Cette manière parvient à son acmé dans le Troisième Concerto, où l’orchestre autant que le soliste concourent à l’élaboration du récit. En cela, cette partition est plutôt une symphonie avec piano qu’un concerto, et la réussite de son interprétation réside dans la conscience d’un discours non plus partagé mais commun. Ce que commence le piano, l’orchestre le prolonge et parfois le piano n’est plus qu’un instrument de l’orchestre alors que quelques mesures plus tard, il reprend son propre chant individuel.

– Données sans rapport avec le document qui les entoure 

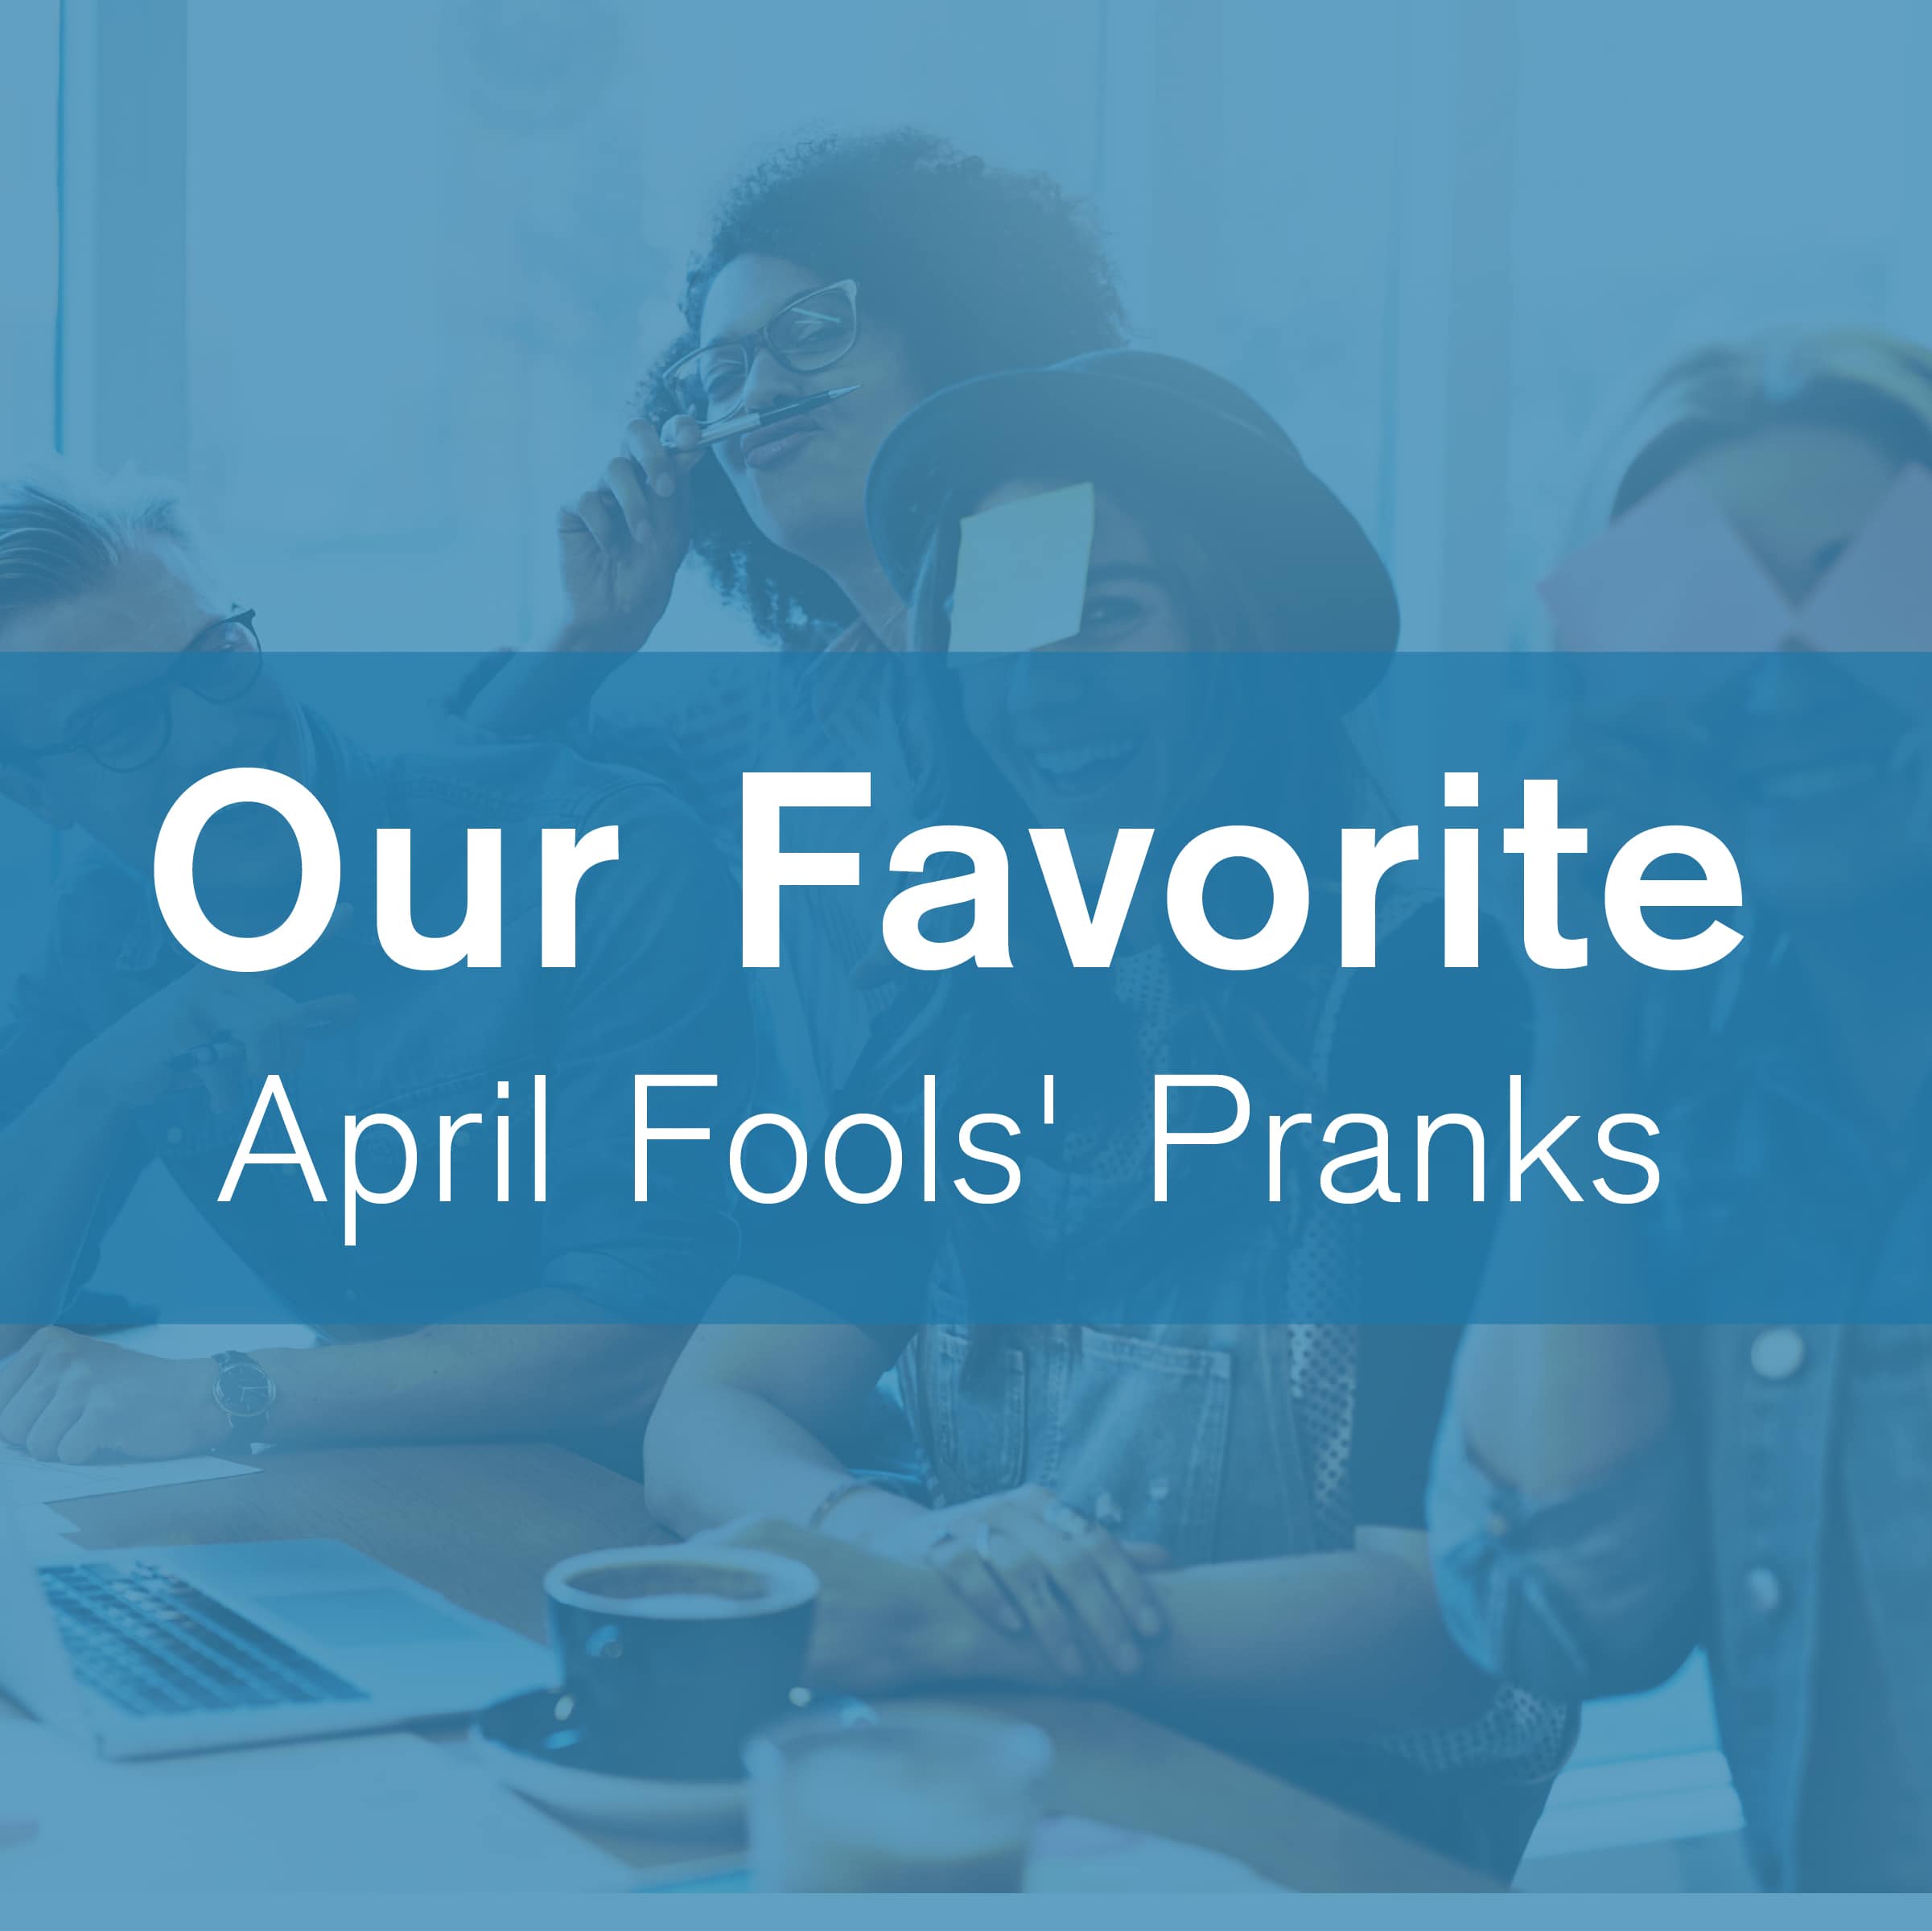 A title card that reads "Our favorite April Fools' Pranks"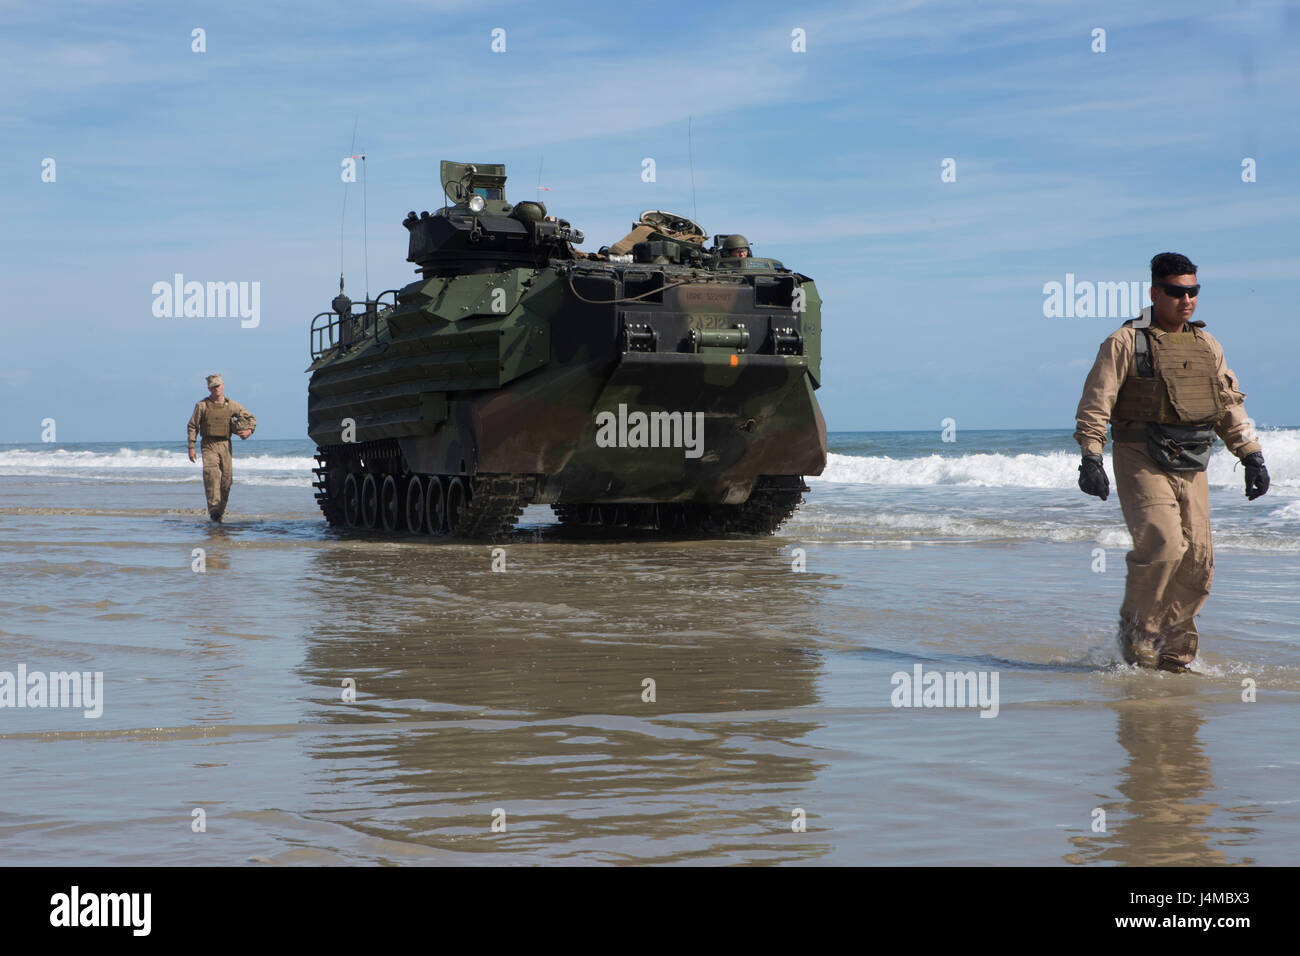 U.S. Marines with 2nd Platoon, Alpha Company, 2nd Assault Amphibian Battalion, 2nd Marine Division (2d MARDIV), ground-guide an AAV-P7/A1 assault amphibious vehicle at Onslow Beach, Camp Lejeune, N.C., Feb. 22, 2017. Marines conducted amphibious assaults to enhance and maintain proficiency on ship to shore movement. (U.S. Marine Corps photo by Lance Cpl. Alexis C. Schneider) Stock Photo

Le partage entre la direction ample, souple et précise d’Andrew Litton et le clavier de Yevgeny Sudbin, imaginatif, raffinant le spectre sombre, est idéal. La variété du jeu du soliste, ce vocabulaire dont la colonne vertébrale est constitué par l’ornement en diminution, le trille, l’arpège, la magie sonore d’un clavier très divers qui retrace toute la complexité d’espaces-temps différents mais simultanés, retrouve la virtuosité sans ostentation du compositeur et ses tempos. Sudbin a écouté Medtner : la logique des articulations, comme la scansion qui anime le bref Interludium, le prouvent.
Couplage évident avec le Concerto de Scriabine (1896), œuvre d’un jeune homme de vingt-quatre ans qui partage avec l’univers de Medtner un goût de la divagation harmonique, du motif envoûtant, de la complexité rythmique.
Rapprocher ces deux compositeurs éclaire leurs nombreuses parentés stylistiques, leurs grammaires si proches, d’autant que Yevgeni Sudbin le joue preste et en clavier léger, raffinant les effets d’échos, et rendant les mélodies fluides.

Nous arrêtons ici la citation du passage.